What the priorities or technological demands of such entities might be we cannot know. The most powerful thinking systems in the universe might turn out to be instantiated in quantum computers – what the Nobel-prize-winning physicist Frank Wilczek has dubbed “quintelligence”. Such entities may be physically small, have negligible energy requirements and be located in intergalactic space to exploit its low temperatures. If so, the technological footprint of quintelligence would be so modest that we would never spot it.

The late author and futurist Arthur C Clarke once remarked that a sufficiently advanced technology would be indistinguishable from magic. It is therefore crucial that we expand our thinking about alien technology from mere extrapolations of human technology and begin looking for any system or process that displays the hallmark of intelligent manipulation. After 50 years of traditional SETI, the time has come to widen the search from radio signals. Using the full array of scientific methods, from genomics to neutrino astrophysics, we should begin to scrutinize the solar system and our region of the galaxy for any hint of past or present cosmic company.

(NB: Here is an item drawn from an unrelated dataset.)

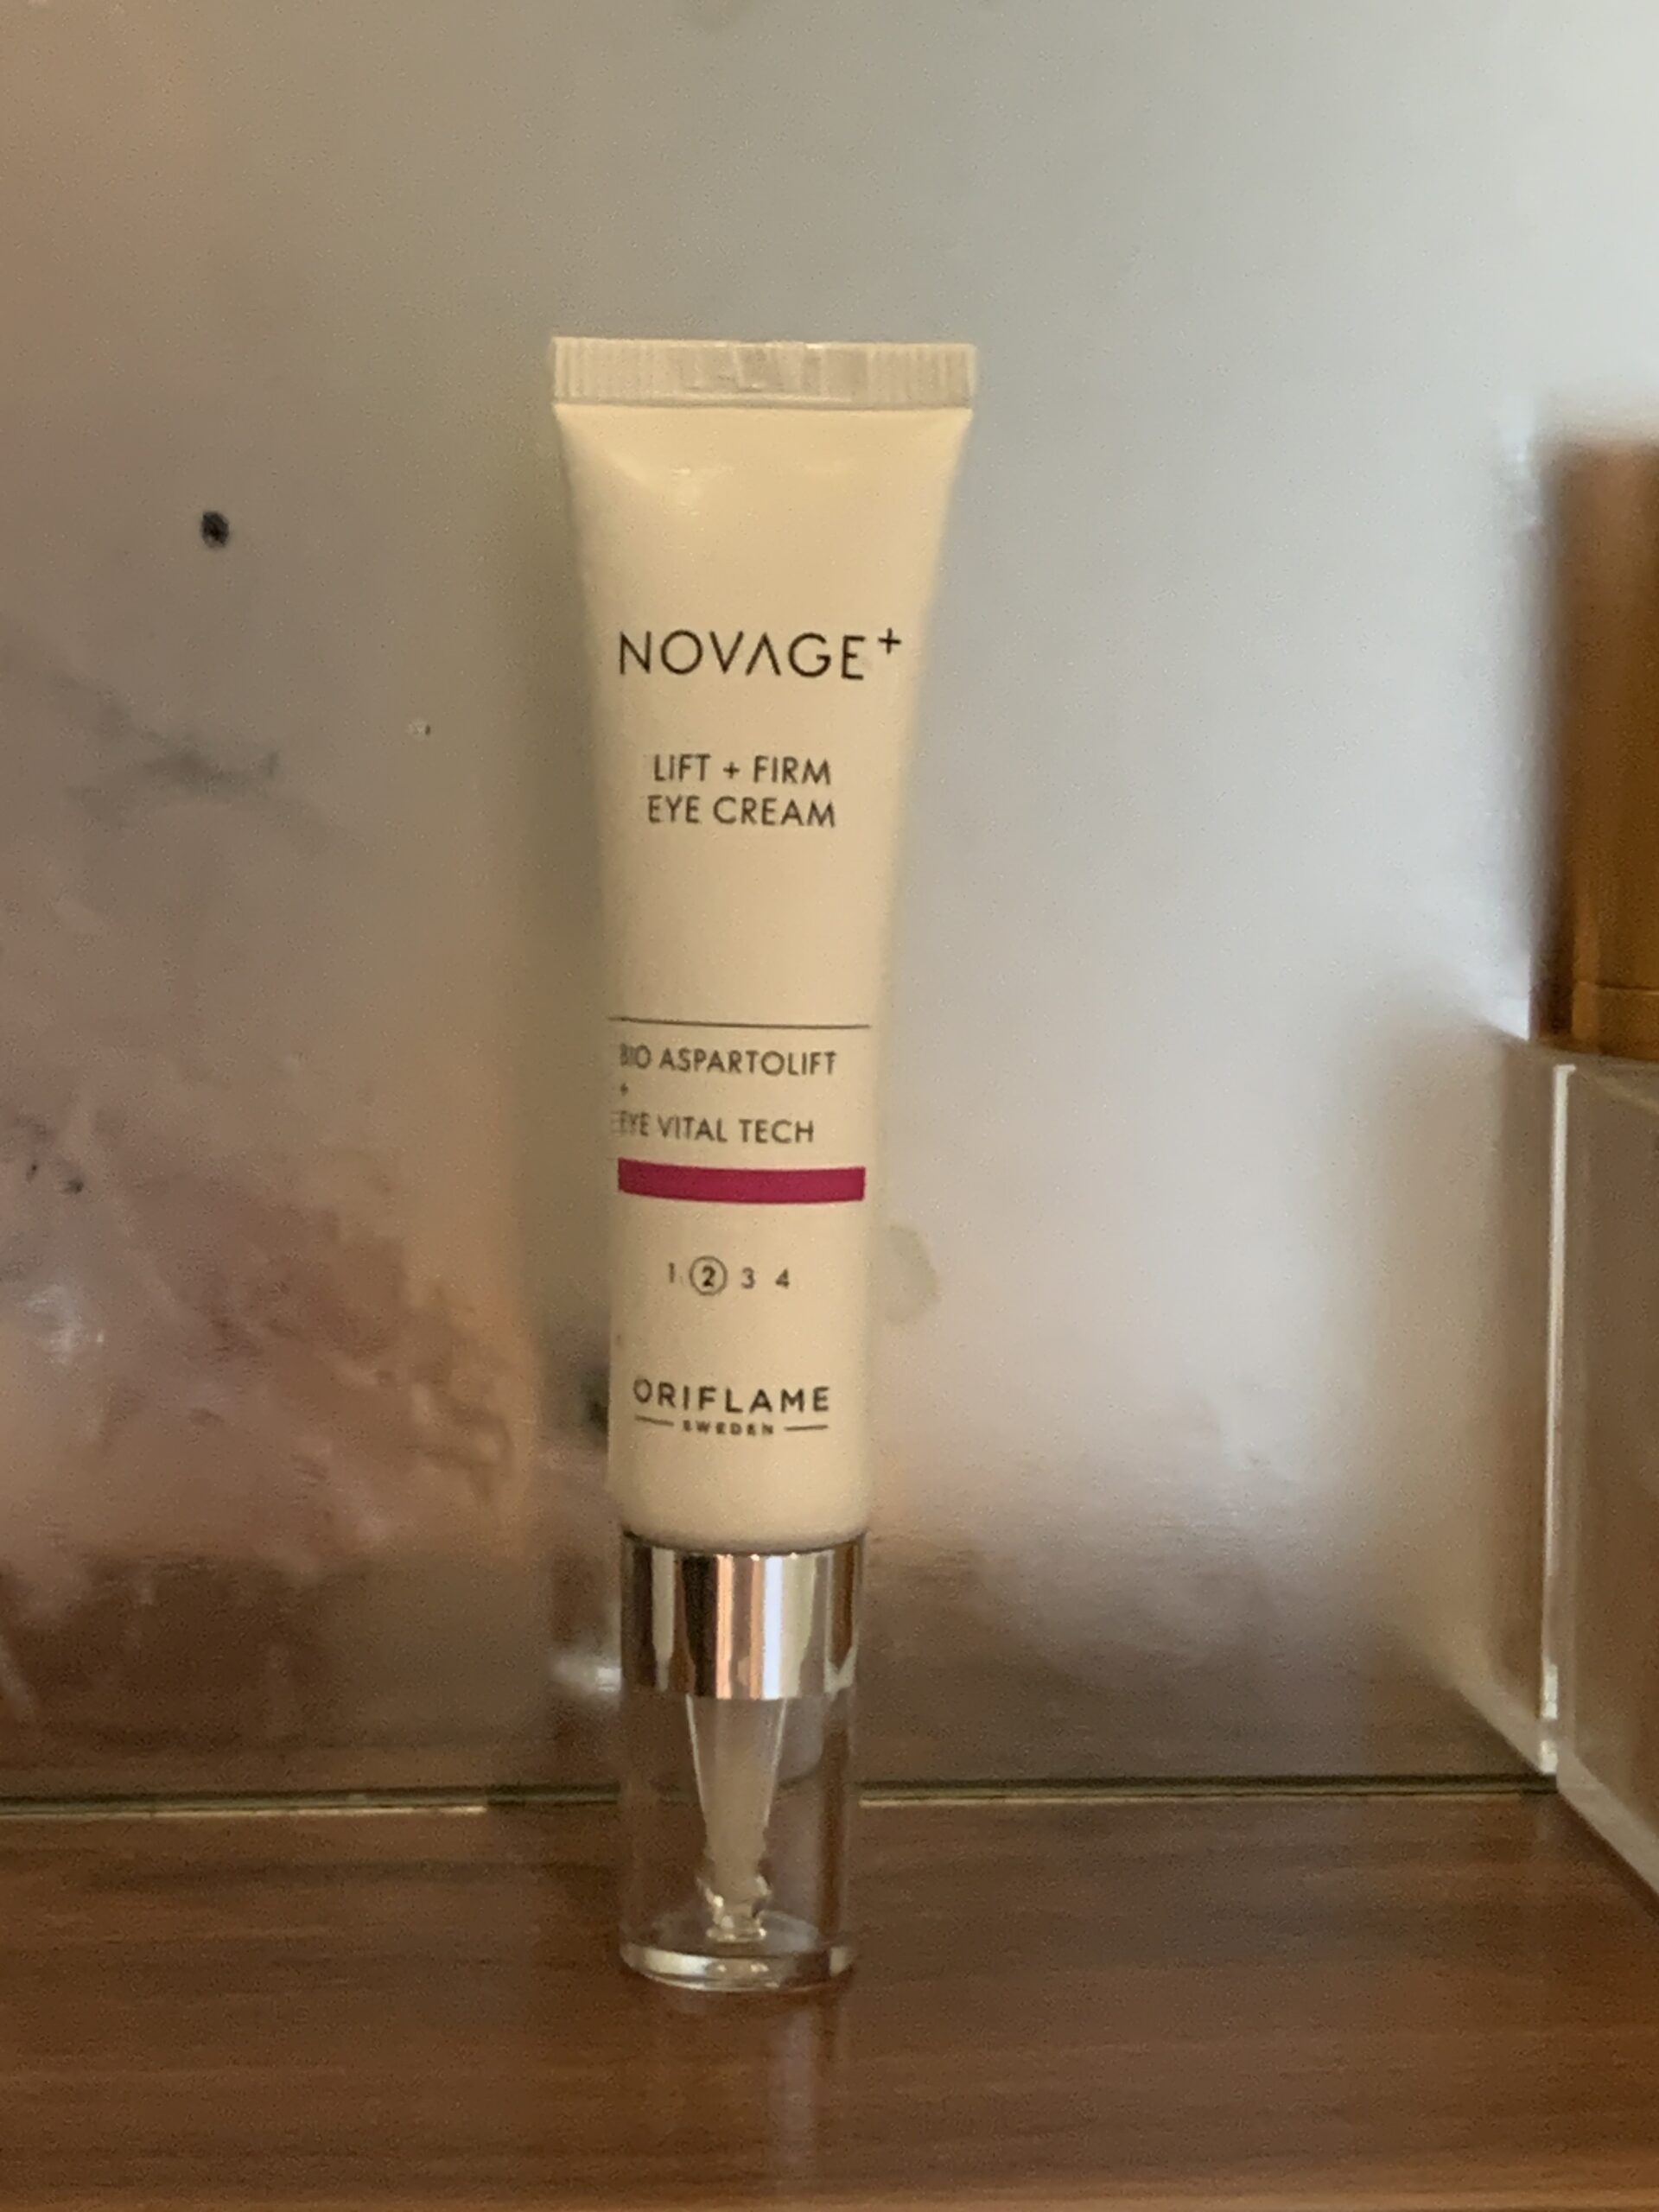 Novage+ Lift firm eye cream

SETI is enormous fun and of great interest to the public. The momentous nature of a positive result hardly needs to be spelt out. Unfortunately, the subject represents a level of speculation unusual even by the standards of contemporary theoretical physics, and it may turn out to be a wild-goose chase. Nevertheless, as Cocconi and Morrison pointed out in their trailblazing paper, if we do not bother to look for extraterrestrial intelligence, the chances of finding it are zero.